Profit stronger than expected. While revenue of US$32.5m (up 10% qoq) was in line with expectations, net profit surged 54% qoq to US$11m. This was largely on the back of lower-than-expected interest expenses and the lack of transaction fees. Distributable cash flows increased 8% qoq to US$16.8m. The DPU payout of 2.14UScts corresponds to only 54% of available cash.

But even existing credit facilities may shrink. With sharp contractions in asset prices, lenders may choose to restrict the amount to be drawn down from available facilities. This is on top of the Trust’s inability to secure funding for the US$711m of committed capex due next year. At worst, the Trust may have to sell the Maersk vessels (with charter) to a 3rd party at a sizeable haircut.
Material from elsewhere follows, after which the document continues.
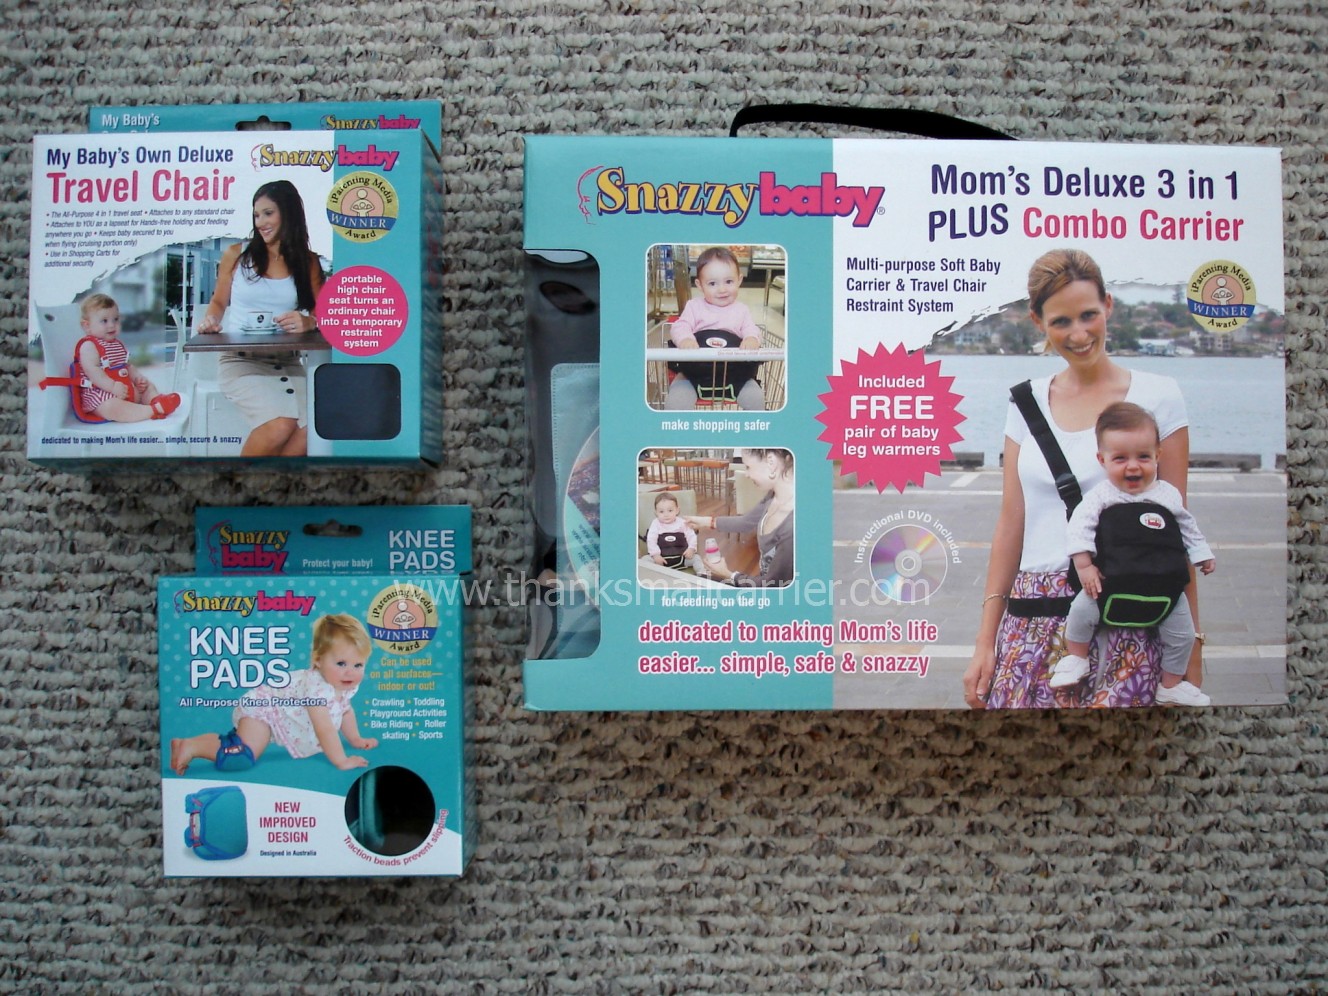 Snazzy Baby Kneepads, Travel Chair and Deluxe Combo Carrier – Click to see the Travel Chair in our store

Are more DPU cuts on the way? The Trust would need to repay about US$158m of loans next year, including a US$130m tranche in April’10. The possible redelivery of the Maersk Djibouti in Feb’2010 implies added revenue pressure. The 5% cut in DPU may, thus, be no more than a signal, given the uncertainties. However, at current valuations, even a 50% cut in DPU going forward would imply a FY09 yield of more than 22%. We conservatively impute a 20% cut in DPU for the next 3 quarters. Maintain HOLD, TP cut to S$0.39.